Monday, Mar. 28, 1955

Reform or Perish

On the subject of the disintegration of government, there is probably no better-informed man alive than Paul Reynaud. Premier of France in the last three months of the Third Republic. Reynaud saw (in the words of General de Gaulle) "the regime collapsing around him, the people fleeing, allies retreating, the most illustrious commanders defecting . . . The very exercise of power was no more than a sort of agony, strung out along roads, in the dislocation of services, discipline and conscience." Last week 76-year-old Paul Reynaud was in the van of a movement to stop threatening disintegration in France's Fourth Republic.

In 1940, with the Nazi legions rolling into a divided, defeatist country, Reynaud cried: "If a miracle is needed to save France, I believe in miracles because I believe in France." He called for "clouds of airplanes from across the Atlantic," but because he was driven back to Bordeaux, boxed in by collaborationist politicians and forced to yield the government to Marshal Petain, his overly optimistic rallying cries in 1940 are cynically remembered today.

For his efforts to save his country, he was tried by the Vichy government, handed over to the Germans and spent four rigorous years in French and German prisons. His wartime imprisonment and his excellent record as a member of the French Assembly since 1946 have brought about a reappraisal of his fatal premiership. Says De Gaulle in his recent memoirs: "In such conditions, the intelligence of Paul Reynaud, his courage, the authority of his office, were deployed, so to speak, in a vacuum."

Twenty Crises. Last week Reynaud's intelligence and courage and authority were in action at the office he occupies as chairman of the powerful Assembly Finance Committee. Sitting stiffly upright at his desk, with scarcely a crease in his double-breasted waistcoat, he wrote out in longhand a set of proposals for reforming the French constitution to enable ministers to stay in office long enough to conduct responsible government. Although he himself had voted against the Mendes-France government, and thus helped bring on its collapse, he told a press conference that this 20th ministerial crisis in ten years was a blow to France's vital interests.

Said he: "The figure that France cuts in the world, because of ministerial instability, wounds and irritates Frenchmen. The Assembly can overthrow as many governments as it pleases without any other motive than the opportunity of its members to satisfy ambitions overstimulated by the very frequency of the crises." Added Reynaud with a bitter irony: "It's becoming a disgrace not to have been a minister just like everyone else."

Reynaud's plan for reducing the recurrent crises: 1) make the constitution easier to amend, 2) then pass an amendment which makes dissolution of Parliament and new elections automatic when a government is defeated on a censure motion, or a vote of confidence, within two years after taking office.

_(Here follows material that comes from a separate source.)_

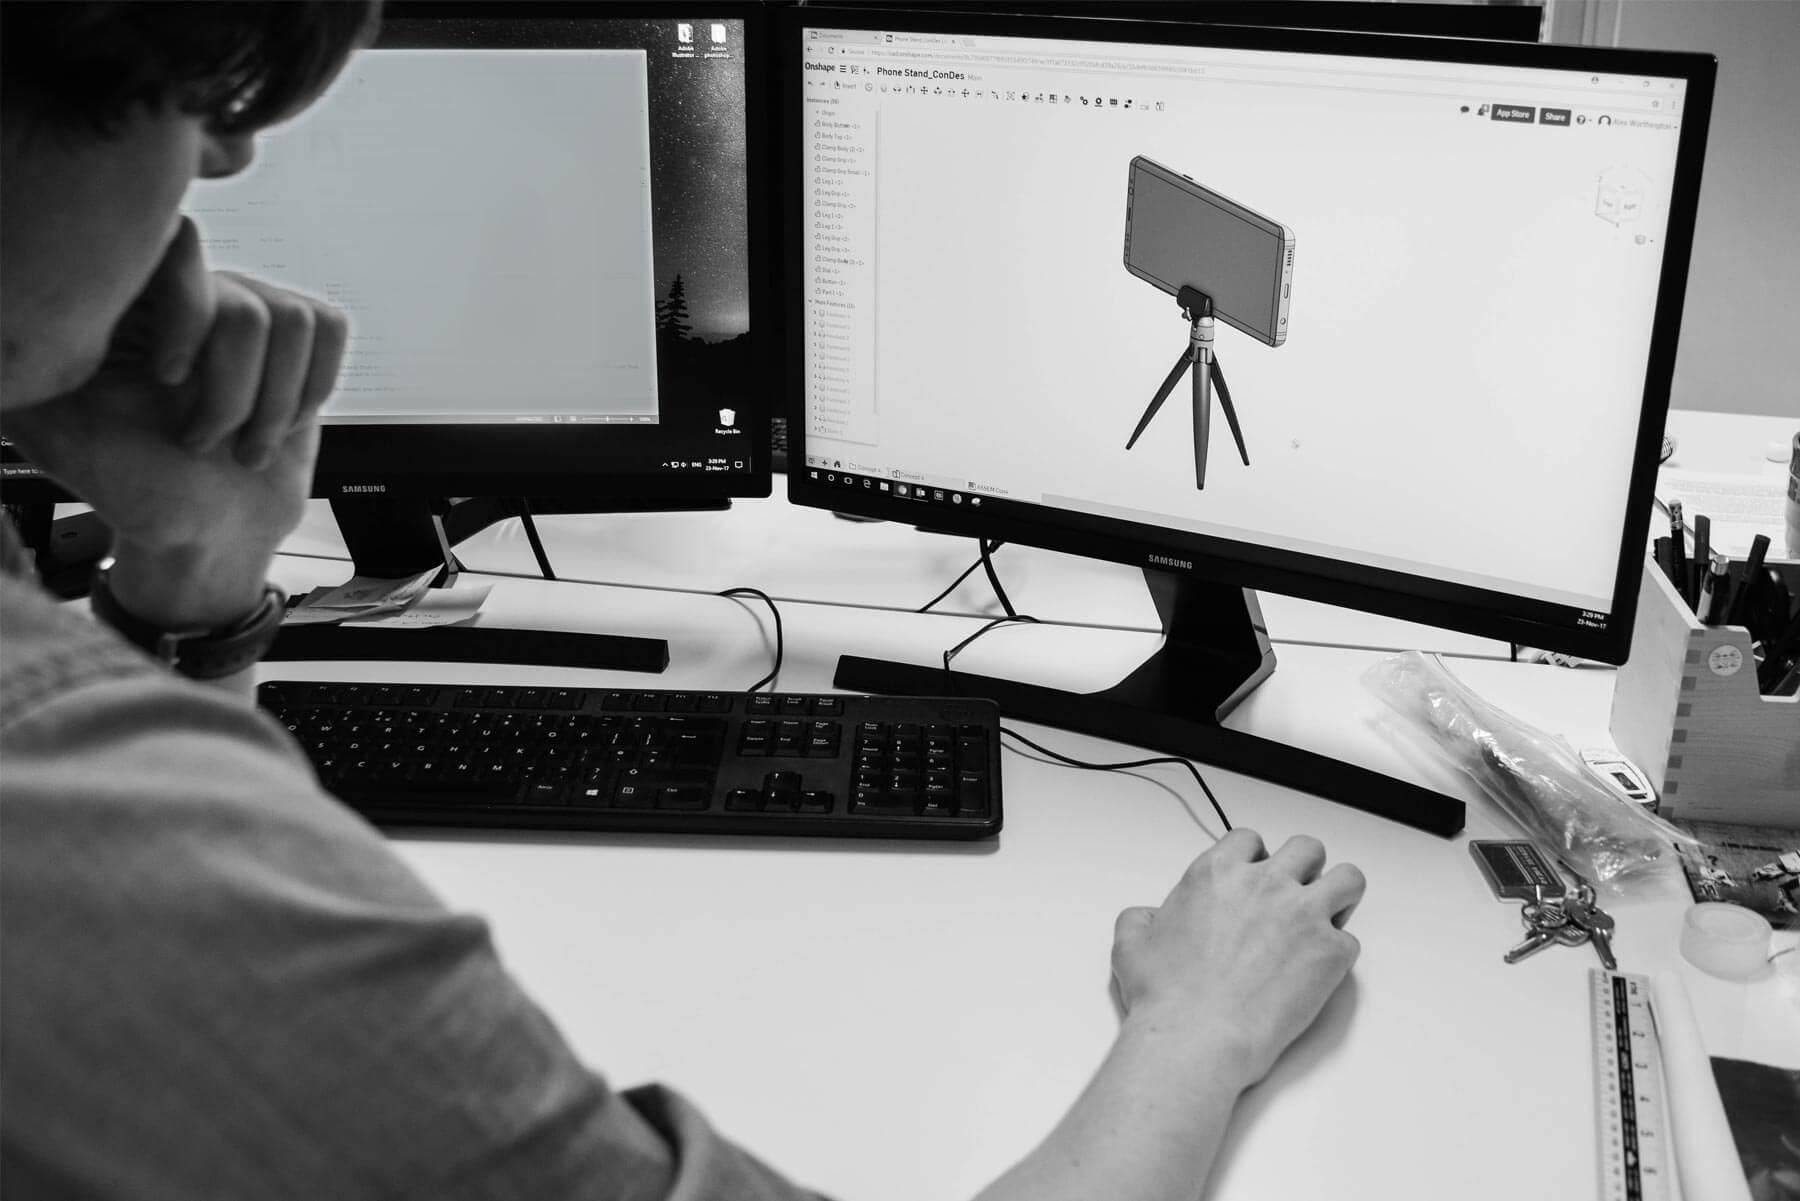 Invention idea product prototype design company

Surprising Support. By quick telephone calls and discreet meetings. Reynaud won surprising support for his plan. Even many Socialists and members of the Catholic M.R.P.. both doctrinarily opposed to strong Premiers, rallied to his idea. Only the Communists were unanimously opposed. At week's end he had signed up eight parliamentary groups for a total of 328 votes in the Assembly. As soon as the current budget debate is ended, he will ask for "urgent discussion" of his proposals, hopes to effect the procedural change by July, and to have the constitutional, amendment enacted before the 1956 general elections.

Newspapers which had never had a good word to say about the men of the Third Republic last week were praising Reynaud for his well-timed effort to prevent government from reaching the ultimate mockery of "deploying its authority in a vacuum." Boomed conservative Le Figaro: "Reform or Perish is not a slogan, it is a fact."